My six-year-old son might just be the perfect candidate for ASIO. That is, if they are looking for code cracking under 8s.
The thing is, no matter how many times I change the lock code on my phone he seems to be able to break in. The lure of Angry Birds is just too much!
On the other hand my two year old made a gingerbread biscuit the other day, all by herself, no mess, no cleaning up. No me-licking-the-bowl-when-the-kids-weren’t -looking. In many ways it was the perfect way to teach her to cook. She even put the ipad away when she’d finished.
Screen time is an integral part of life for kids these days. New research out this week has revealed that mobile media among young kids has tripled in two years. Nearly 40% of two year olds had used a mobile device, like an tablet or an smartphone, compared to 10% in 2011. The average amount of time children spend using mobile devices has now tripled, from five minutes a day to 15 minutes a day (the average daily use among all 0- to 8-year-olds).

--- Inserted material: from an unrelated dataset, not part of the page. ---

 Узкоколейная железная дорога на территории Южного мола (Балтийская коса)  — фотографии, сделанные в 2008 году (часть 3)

The more alarming news, however, was that teenagers spent on average more than seven hours a day on some form of entertainment device. This finding prompted a new set of recommendations from the American Academy of Pediatrics on Monday.

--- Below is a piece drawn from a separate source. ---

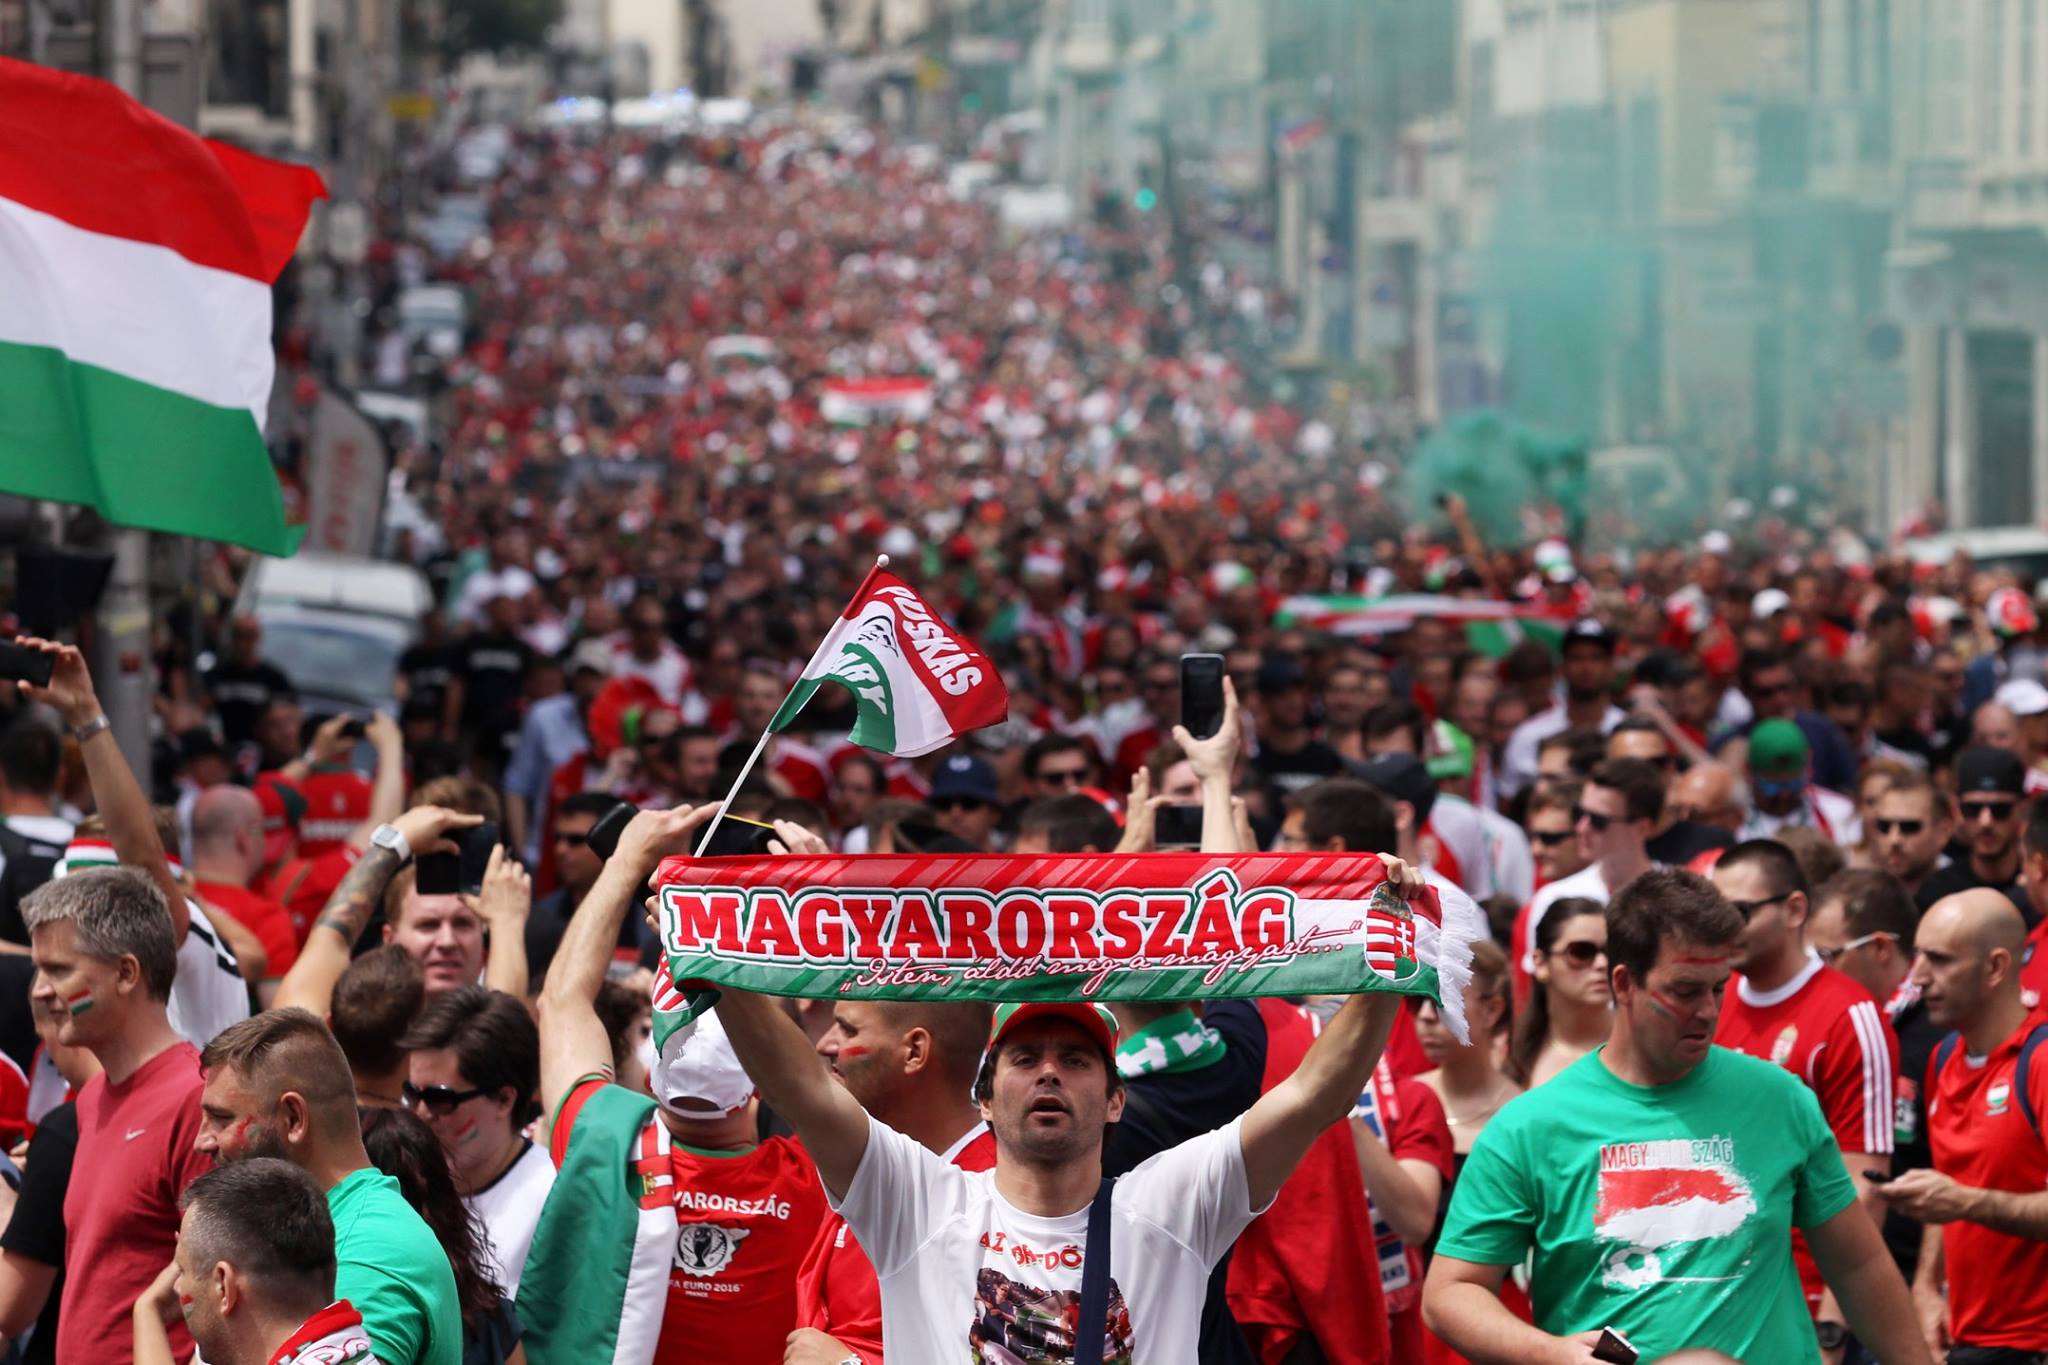 हंगरी के फुटबॉल प्रशंसक

“Many parents are clueless about the profound impact media exposure can have on their children," Dr. Victor Strasburger, lead author of the new American Academy of Pediatrics policy, told Associated Press.
“This is the 21st century and they need to get with it."
The policy is aimed at all kids, including those who use smartphones, computers and other Internet-connected devices. It expands the academy’s longstanding recommendations on banning televisions from children’s and teens’ bedrooms and limiting entertainment screen time to no more than two hours daily.
Under the new policy, those two hours include using the Internet for entertainment, including Facebook, Twitter, TV and movies; online homework is an exception.
“I guarantee you that if you have a 14-year-old boy and he has an Internet connection in his bedroom, he is looking at pornography,” Strasburger said.
The policy notes that three-quarters of kids aged 12 to 17 own mobiles; nearly all teens send text messages, and many younger kids have phones giving them online access.
“Young people now spend more time with media than they do in school — it is the leading activity for children and teenagers other than sleeping,” the policy says.